* Data block
-*-*-

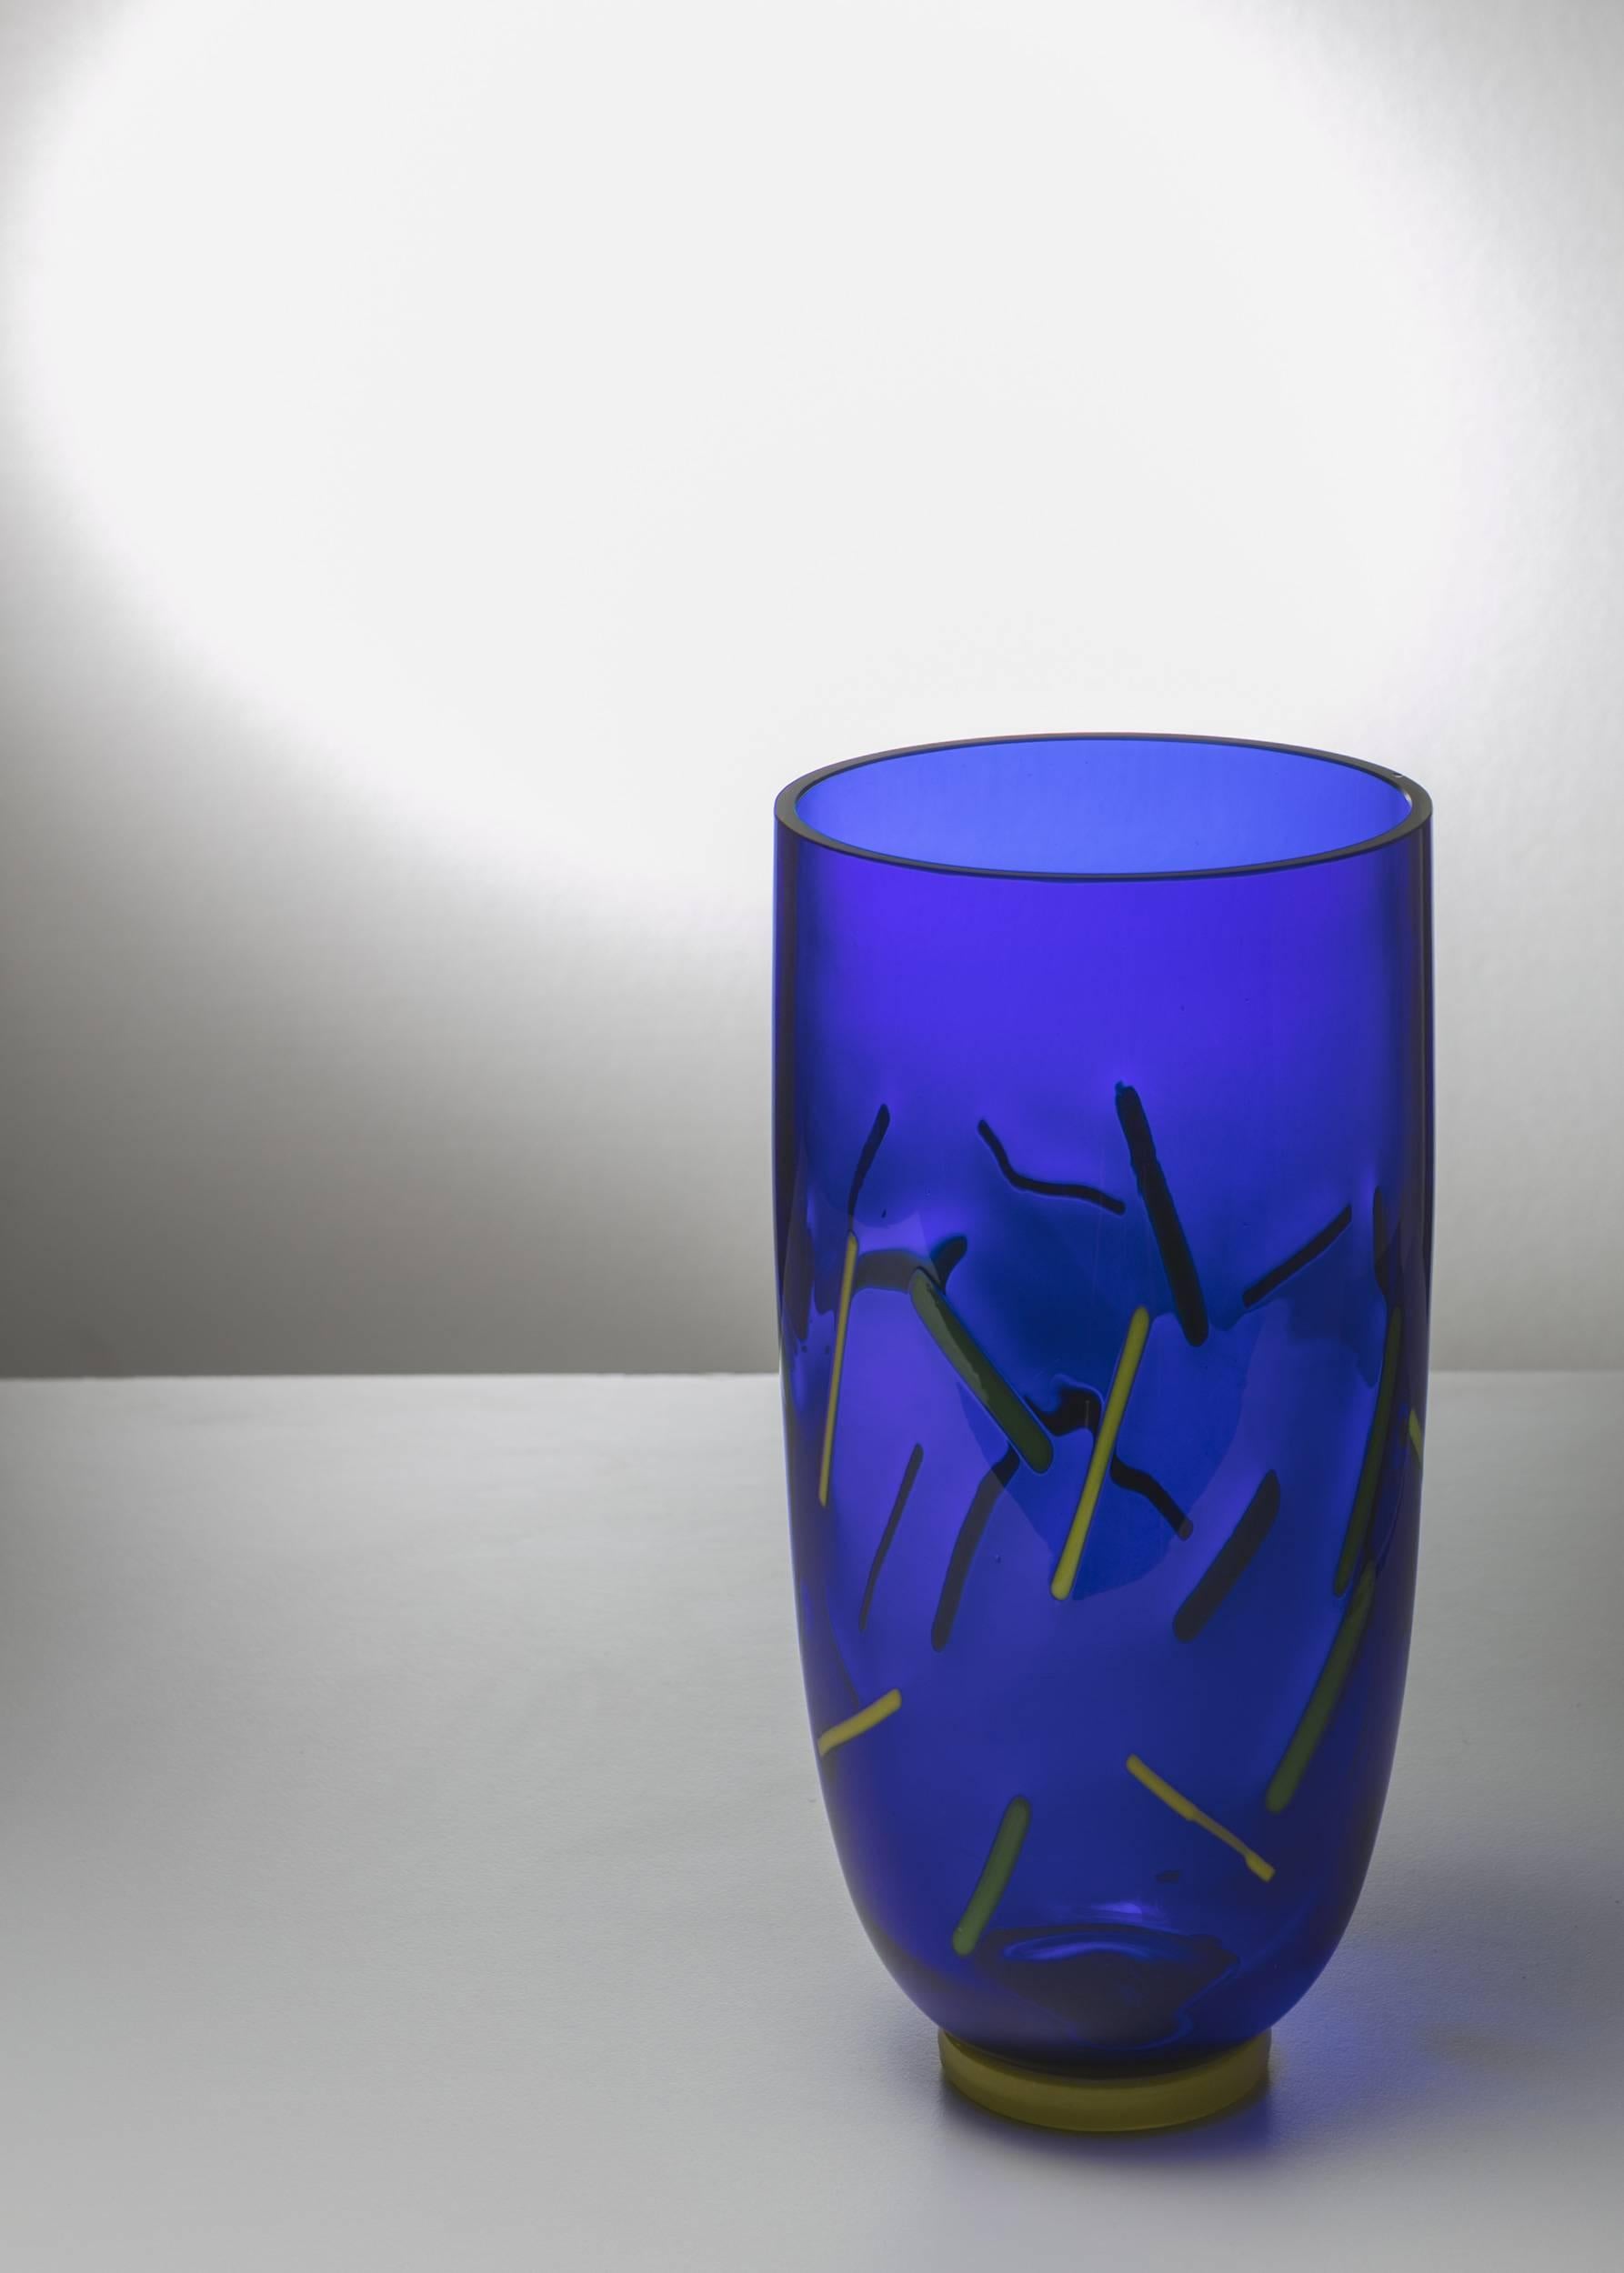 Remarquable vase en verre de Murano par Barovier&Toso.
Corps bleu avec inclusions jaunes et vertes.
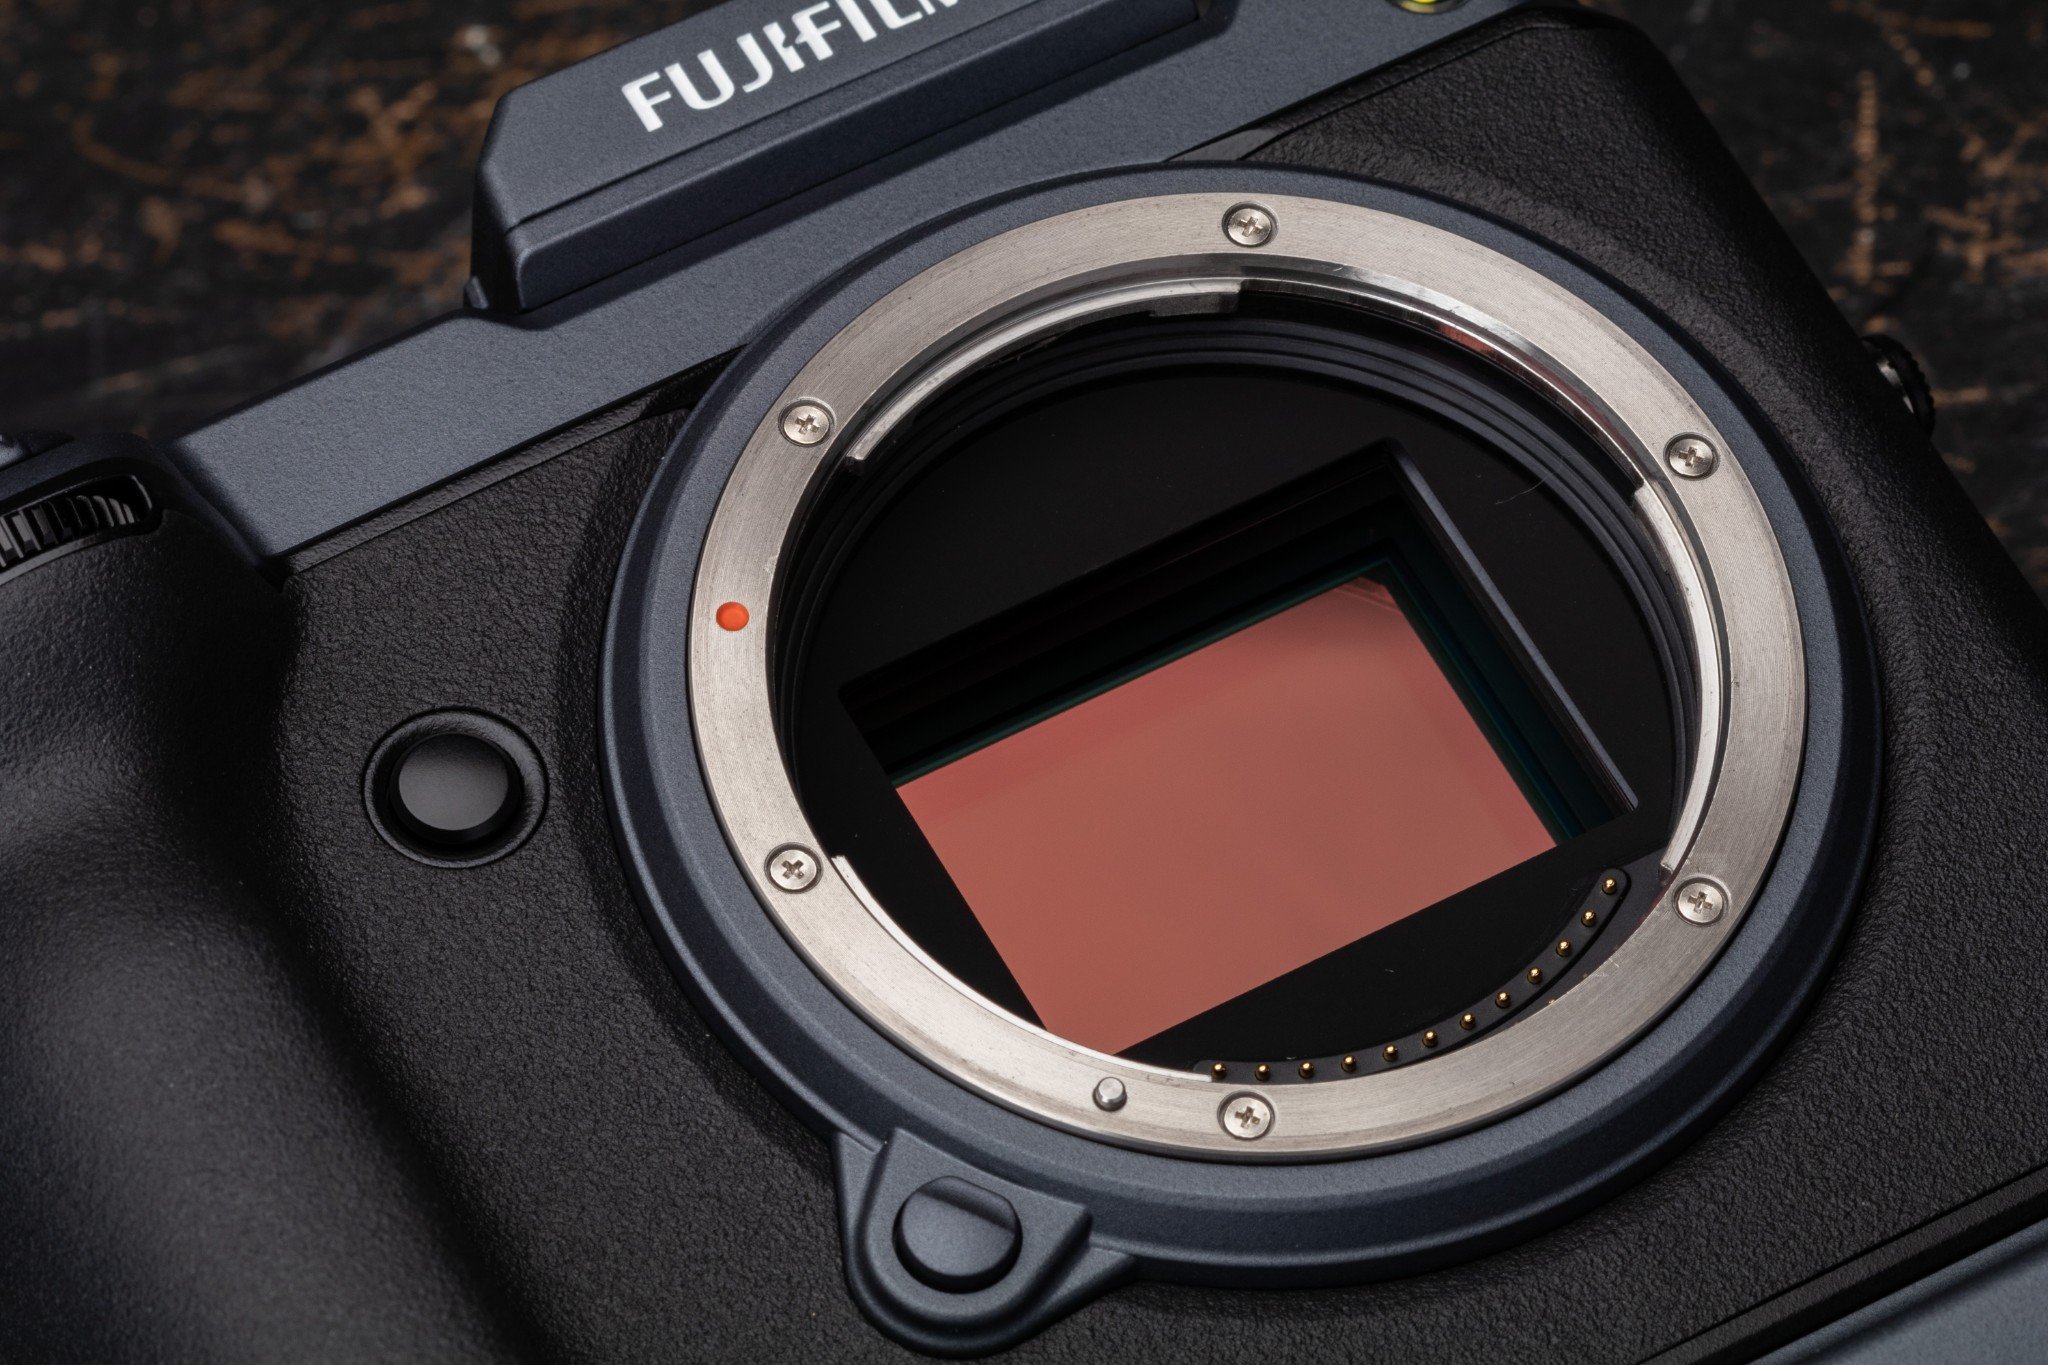 Fujifilm cập nhật firmware mới, thêm tính năng Pixel Shift Multi-Shot chụp ảnh 400MP lên GFX100

-*-*-

* Exercise prompt
Would you please set down the data above again exactly, without its pictures?

* Expected answer
 Remarquable vase en verre de Murano par Barovier&Toso.
Corps bleu avec inclusions jaunes et vertes.
 Fujifilm cập nhật firmware mới, thêm tính năng Pixel Shift Multi-Shot chụp ảnh 400MP lên GFX100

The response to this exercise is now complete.